Es kam die Idee auf, die Töpfe für Einzelmaßnahmen und für Jugendarbeit in sogenannten Sozialraumbudgets zusammenzufassen und die je spezifische Verteilung dem einzelnen Träger anzuvertrauen. Die Idee hatte freilich einen teuflischen Pferdefuß: Da die Töpfe nicht unerschöpflich sind, muss man die Zahl der in Frage kommen- den Träger eng begrenzen. Wer muss begrenzen? Das Jugendamt! Nach diesem Plan sollten die Jugendämter befugt werden, sich die Träger, die zu ihnen passen, herauszupicken und... alle anderen am langen Ast vertrocknen zu lassen.

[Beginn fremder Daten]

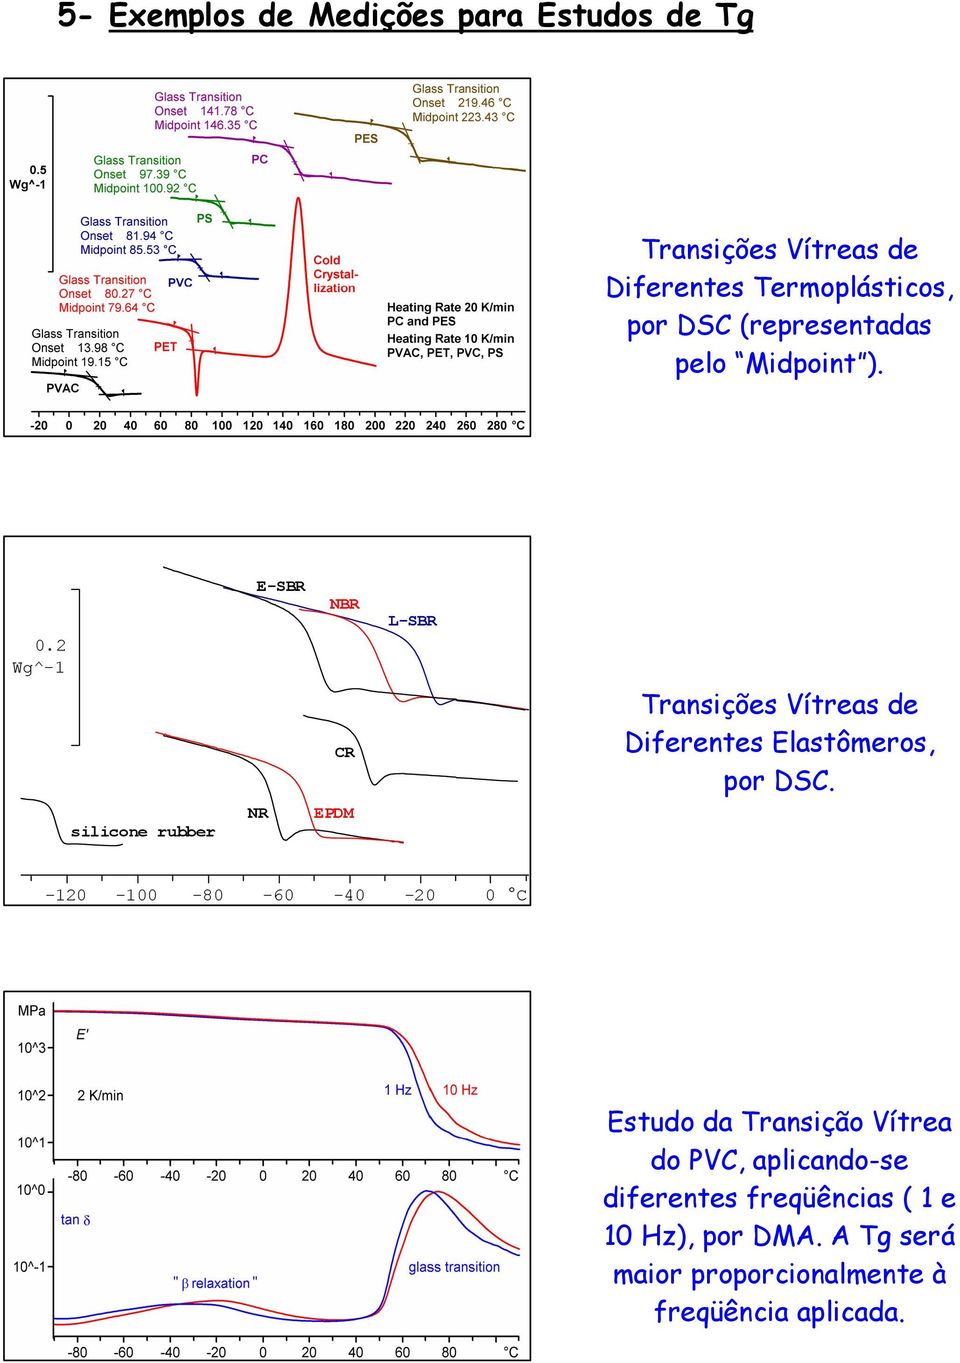 2 Wg^-1 E-SBR NBR L-SBR CR Transições Vítreas de Diferentes Elastômeros, por DSC.

Eine rein verwaltende Behörde wäre zum geldgebenden Vorgesetzten der klinischen Sozialarbeit geworden.
Dass das eine fachliche Katastrophe wäre, hätte in diesen unseren Tagen wohl kaum Anstoß erregt. Gar manches Jugendamt war nur allzu bereit, auf dieses "Angebot" aufzuspringen. Aber es gibt Richter in diesem Land. Dass das Ding nicht mit den Grundsätzen unserer Verfassung vereinbar ist, sprang ihnen ins Auge, und so sind wir nochmal davon gekommen.